The usage of Bayesian optimisation to solve this very simple problem is slightly overkill. However, for VQE or QAOA problems where the cost function evaluations themselves are expensive, and the parameter space itself is not too large, Bayesian optimisation may be worth investigating. A good primer can be found here.

Towards QAOA

A more detailled explanation of our QAOA library can be found in the Notebooks First steps: An example workflow, Working with the Parameter classes, and Advanced QAOA parameter classes. Here we simply explain how it can be regarded as a special case of VQE.

For QAOA - which was originally designed for solving classical optimization problems - the Hamiltonian is diagonal in the computational basis, and typically contains at most 2-qubit terms (there is nothing to prevent one from considering k-qubit terms, however the limitations of near-term hardware make the k = 2 case the most practically feasible).

Let’s set up a simple Hamiltonian.

hamiltonian = []
hamiltonian.append(PauliTerm("Z", 0, -1)*PauliTerm("Z", 1))
hamiltonian.append(PauliTerm("Z", 0, 0.8))
hamiltonian.append(PauliTerm("Z", 1, -0.5))
hamiltonian = PauliSum(hamiltonian)
print(hamiltonian)
(-1+0j)*Z0*Z1 + (0.8+0j)*Z0 + (-0.5+0j)*Z1

Since the parameters for a QAOA circuit have more structure than just a flat array, and there exist multiple possible parametrisations, we provide special classes to hold the parameters for a QAOA circuit. We will use the FourierParams class here. We can create these initial parameters as follows:

params = FourierParams.linear_ramp_from_hamiltonian(hamiltonian, n_steps=5, q=3)

The QAOA cost function has a fixed structure, with a corresponding fixed state preparation program. We therefore provide special cost functions for QAOA, which inherit most of the behaviour from vqe.cost_functions.PrepareAndMeasure.... They are created via

qaoa_cost_fun = QAOACostFunctionOnWFSim(hamiltonian,
                                        params,
                                        nshots=1000,
                                        enable_logging=True)

Unlike for PrepareAndMeasureOnWFSim, we didn’t have to pass a state preparation circuit prepare_ansatz or function to generate memory maps make_memory_map to QAOACostFunctionOnWFSim. These are already fixed by the fact that we want to run QAOA with a given cost Hamiltonian. Instead, we have to pass the QAOA parameters params to the cost function.

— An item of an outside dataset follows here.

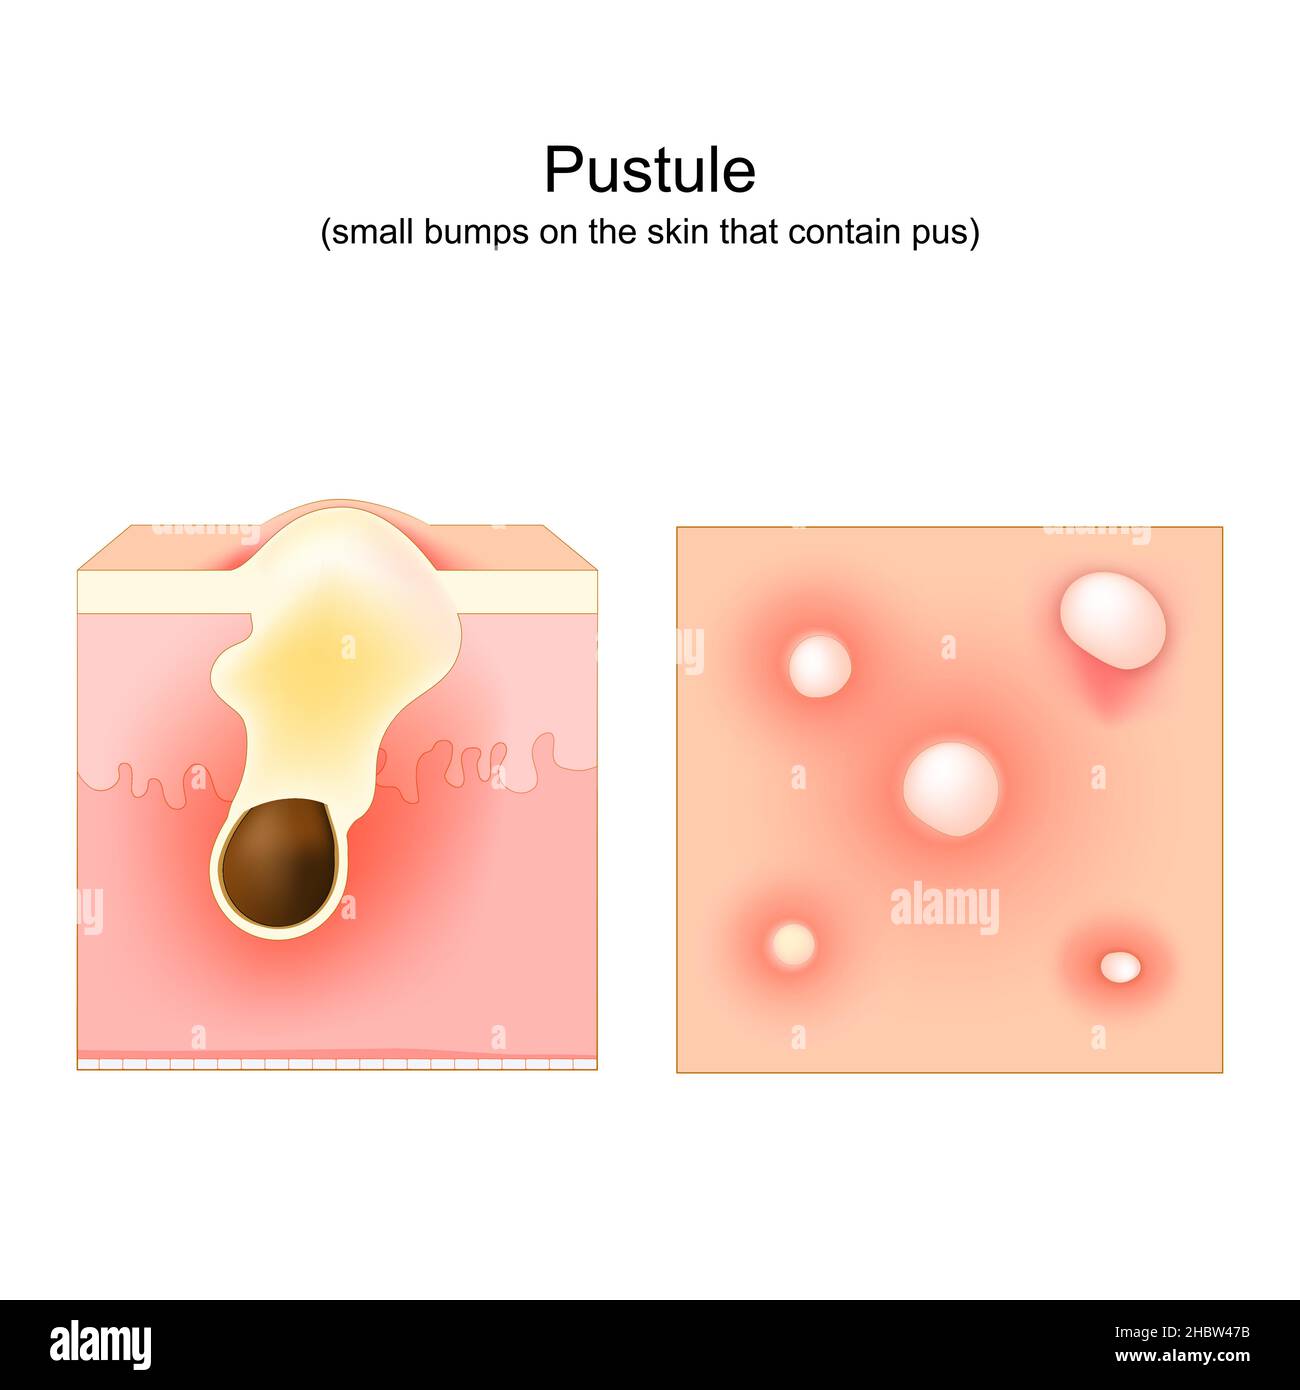 Acne. Pustule is small bump on the skin that contain pus. Cross-section of a human skin. Hair follicle with pus. Top view of the skin with pimples Stock Vector

If we want to find the optimal parameters, we have to provide our optimiser with some initial parameter set. The object params contains information on both the problem hyperparameters, as well as the variable parameters to be optimised - see Working with the Parameter classes for further information.

params
Hyperparameters:
    register: [0, 1]
    qubits_singles[0, 1]
    qubits_pairs[[0, 1]]
Parameters:
    v: [0.35 0.   0.  ]
    u: [0.35 0.   0.  ]

We can obtain a 1D array with all of our variable parameters - here denoted u and v - using the params.raw() method: we can subsequently pass these to an optimiser, such as a method from scipy.optimize.minimize:

p0 = params.raw()
out = minimize(qaoa_cost_fun, p0, tol=1e-3, method="Cobyla", options={"maxiter": 500})

print("The output of scipy.optimize.minimize:\n",out)
print("\n And hamiltonian as a matrix:\n", lifted_pauli(hamiltonian, hamiltonian.get_qubits()))
The output of scipy.optimize.minimize:
      fun: -1.0771291890106551
   maxcv: 0.0
 message: 'Optimization terminated successfully.'
    nfev: 44
  status: 1
 success: True
       x: array([ 0.37708678,  0.0304932 ,  0.11447838,  0.40621426, -0.07116865,
       -0.02260146])

 And hamiltonian as a matrix:
 [[-0.7+0.j  0. +0.j  0. +0.j  0. +0.j]
 [ 0. +0.j -0.3+0.j  0. +0.j  0. +0.j]
 [ 0. +0.j  0. +0.j  2.3+0.j  0. +0.j]
 [ 0. +0.j  0. +0.j  0. +0.j -1.3+0.j]]

Examining the logs this time involves a little extra work. The logging functionality simply appends the array of current parameters (i.e. at any step in the optimisation) to the log. For instance, the 10th log entry reads:

qaoa_cost_fun.log[9]
LogEntry(x=array([ 0.57650078, -0.06356536, -0.05304437,  0.29571643, -0.03284953,
       -0.01781406]), fun=(-0.6191671592796331, 0.02776909955792431))

The LogEntry array contains the u and v parameters for all three values of the Fourier parameter q. Meanwhile, the fun entry is of the form (function value, standard deviation).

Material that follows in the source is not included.